Impl. 2 for Sets Using DHS Accumulators. In the second implementation, we use the same \(\mathsf {RSS}\) scheme for sets [22, Scheme 1] but move towards elliptic curves by instantiating it with ECDSA signatures and DHS accumulators [19, Scheme 3] (extended version of [18]), which is a variant of Nguyen’s accumulator [32]. This accumulator does not allow for the optimization used in the first implementation. Consequently, \(\mathsf {Redact}\) is very fast, as no witnesses need to be updated. Instead, a witness has to be generated and verified per part. On the PC, \(\mathsf {Sign}\) is slightly faster compared to the first implementation, as signing with ECDSA, evaluating a DHS accumulator, and creating even multiple witnesses is overall more efficient. However, the witness verification within \(\mathsf {Verify}\) is more costly, which causes a significant impact with a growing number of parts. Interestingly, phones seem to struggle with the implementation of this accumulator, resulting in far worse times than the otherwise observed slowdown compared with the PC. Considering space characteristics, while it is necessary to store one witness per part instead of a single batch witness, each DHS witness is only a single EC point which requires significantly less space than a witness from the CL scheme. Assuming 384-bit EC (compressed) points per witness and an EC point for the DHS accumulator, compared to one 3072-bit CL accumulator and batch witness, the break-even point lies at 15 parts.

Impl. 3 for Lists Using CL Accumulators. For the third implementation, we focused on supporting ordered data by using an \(\mathsf {RSS}\) scheme for lists [22, Scheme 2], while otherwise the same primitives as in our first implementation are used. Of course, with a scheme for sets, it would be possible to encode the ordering for example by appending an index to the parts.
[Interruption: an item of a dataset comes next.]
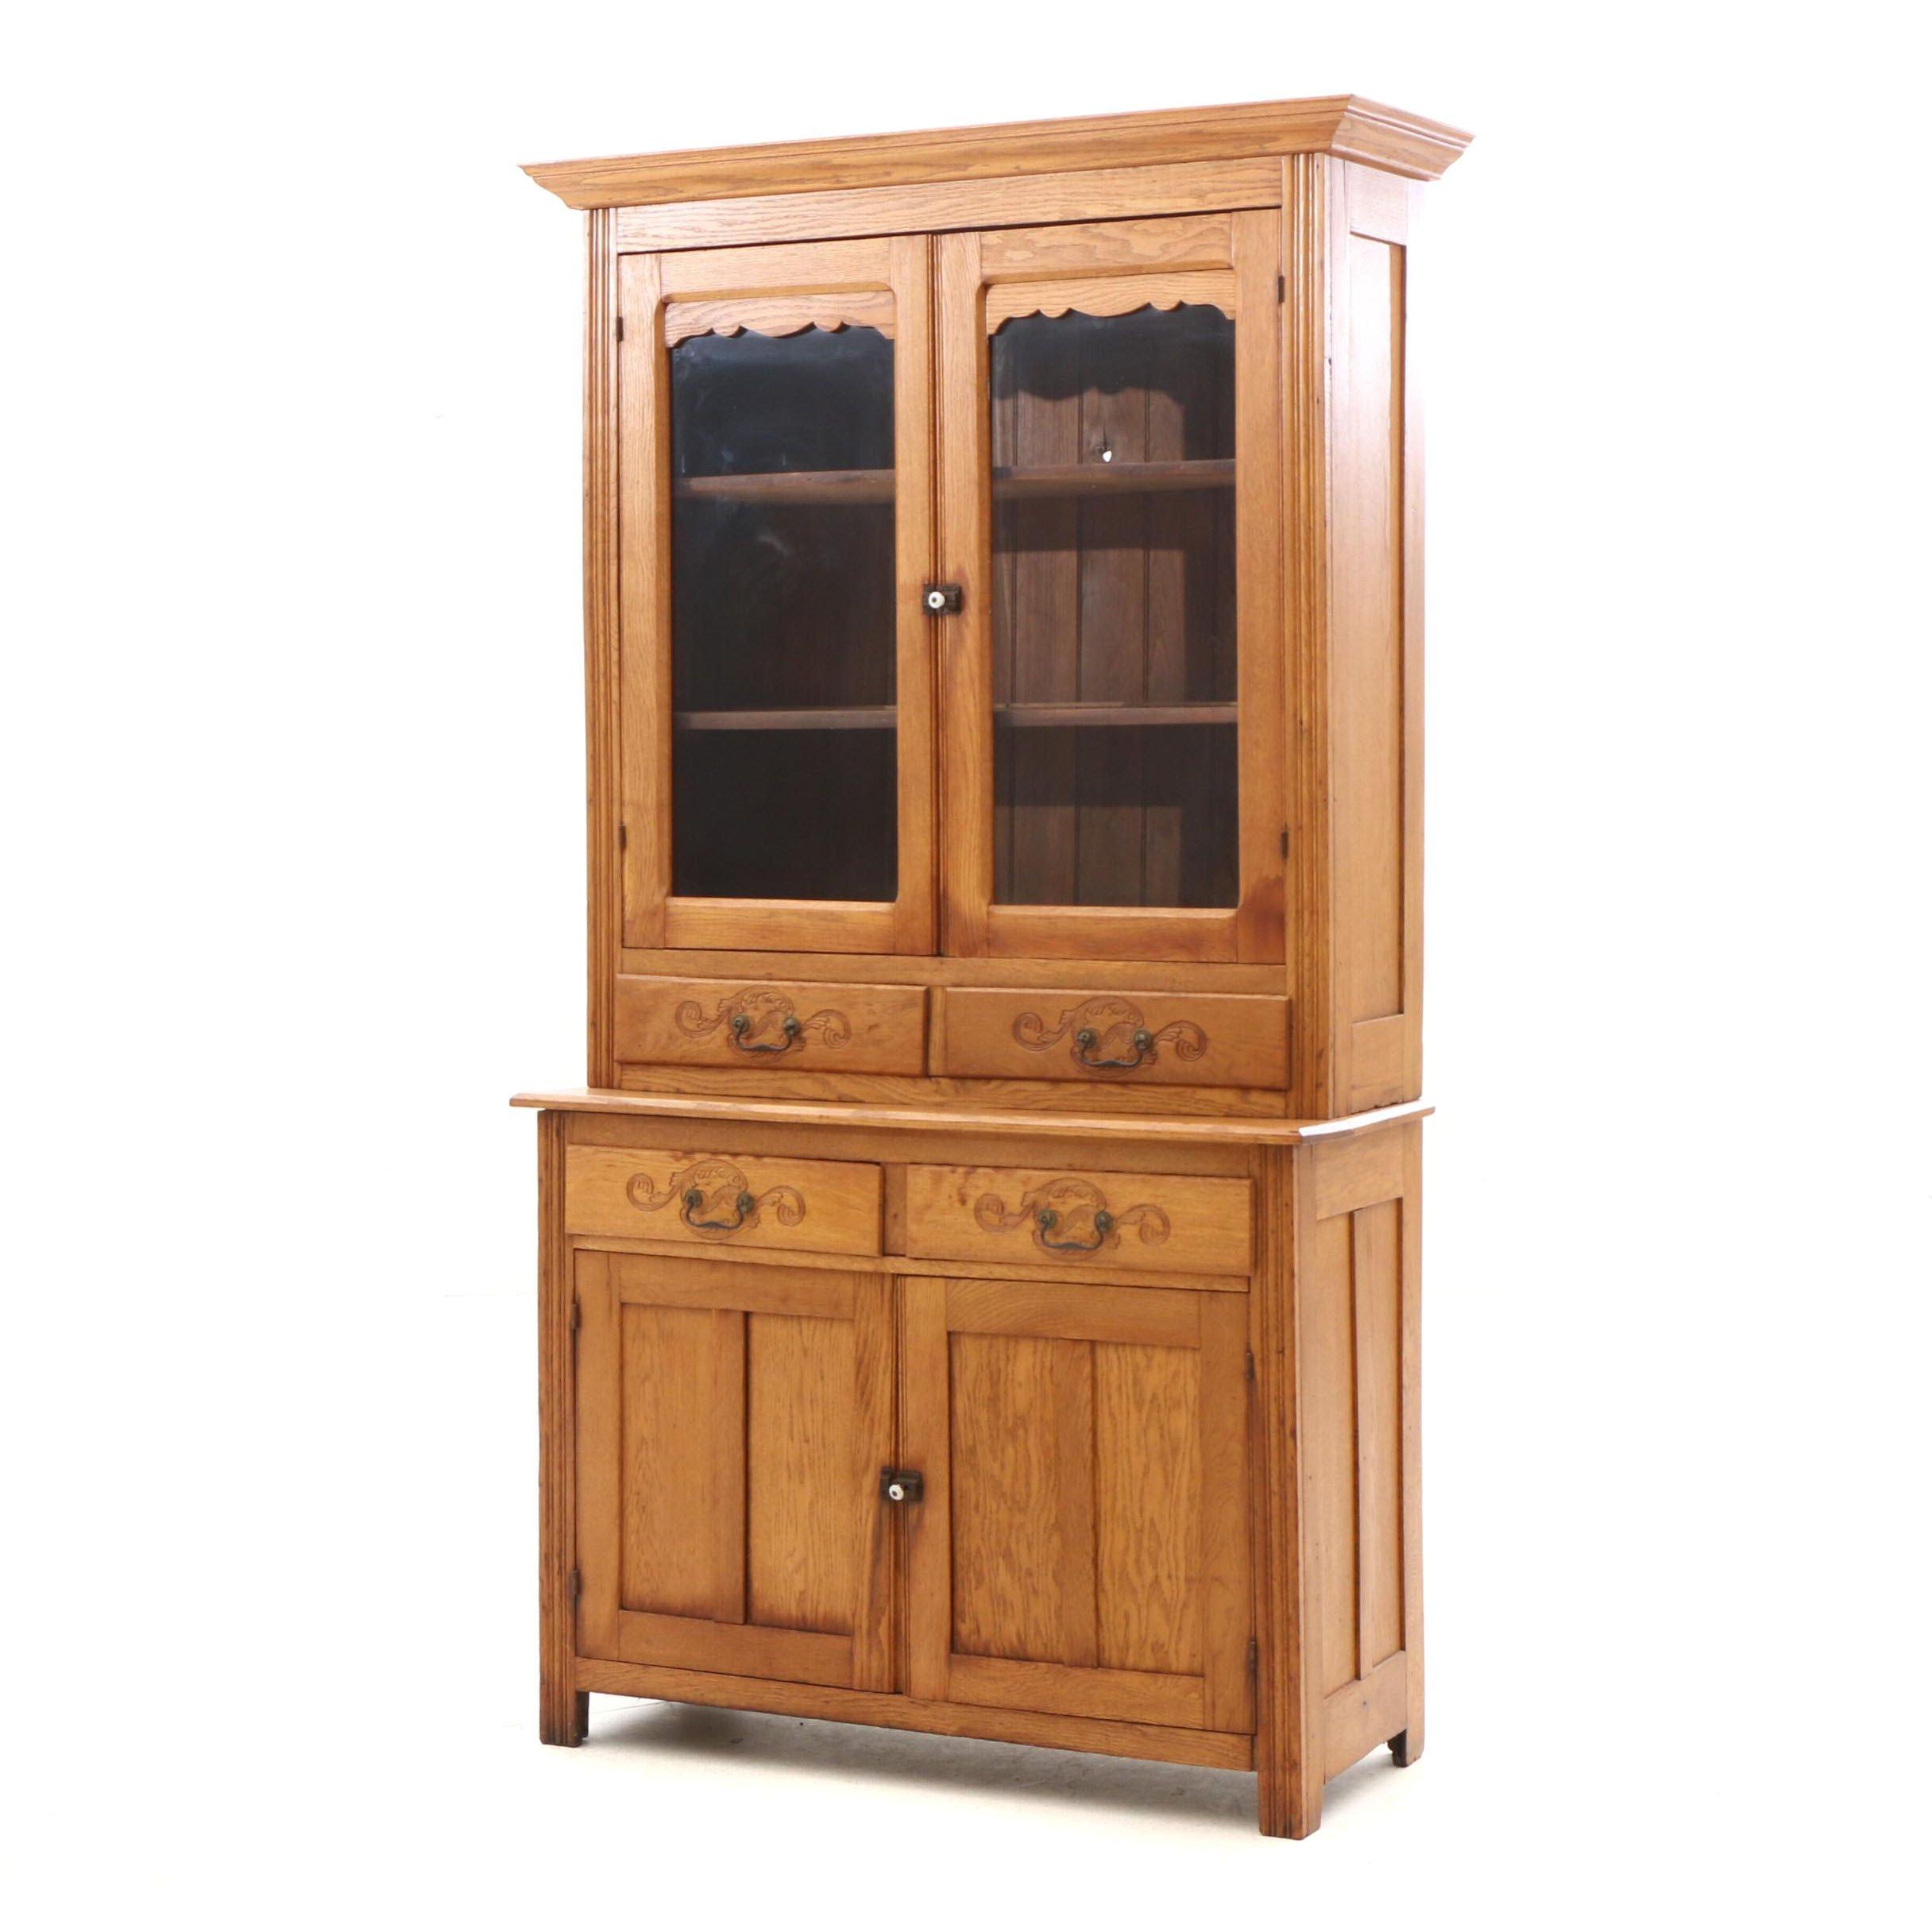 Two-Piece Oak Cabinet

However, after redaction, a gap would be observable, which breaks transparency. Achieving transparency for ordered data comes at a cost: Scheme 2 of Derler et al. [22] requires additional accumulators and witnesses updates to keep track of the ordering without breaking transparency, which of course leads to higher computation and space requirements compared to the first implementation. Using CL accumulators again allows for an optimization [22] around batch witnesses and verifications. This optimization also reduces the \(\mathsf {RSS}\) signature size from \(\mathcal {O}(n^2)\) to \(\mathcal {O}(n)\).

5 Conclusion

In this paper, we introduced selective end-to-end data-sharing, which covers various issues for data-sharing in honest-but-curious cloud environments by providing end-to-end confidentiality, authenticity, and selective disclosure. First, we formally defined the concept and modeled requirements for cloud data-sharing as security properties. We then instantiated this model with a proven-secure modular construction that is built on generic cryptographic mechanisms, which can be instantiated with various schemes allowing for implementations tailored to the needs of different application domains. Finally, we evaluated the performance characteristics of three implementations to highlight the practical usefulness of our modular construction and model as a whole.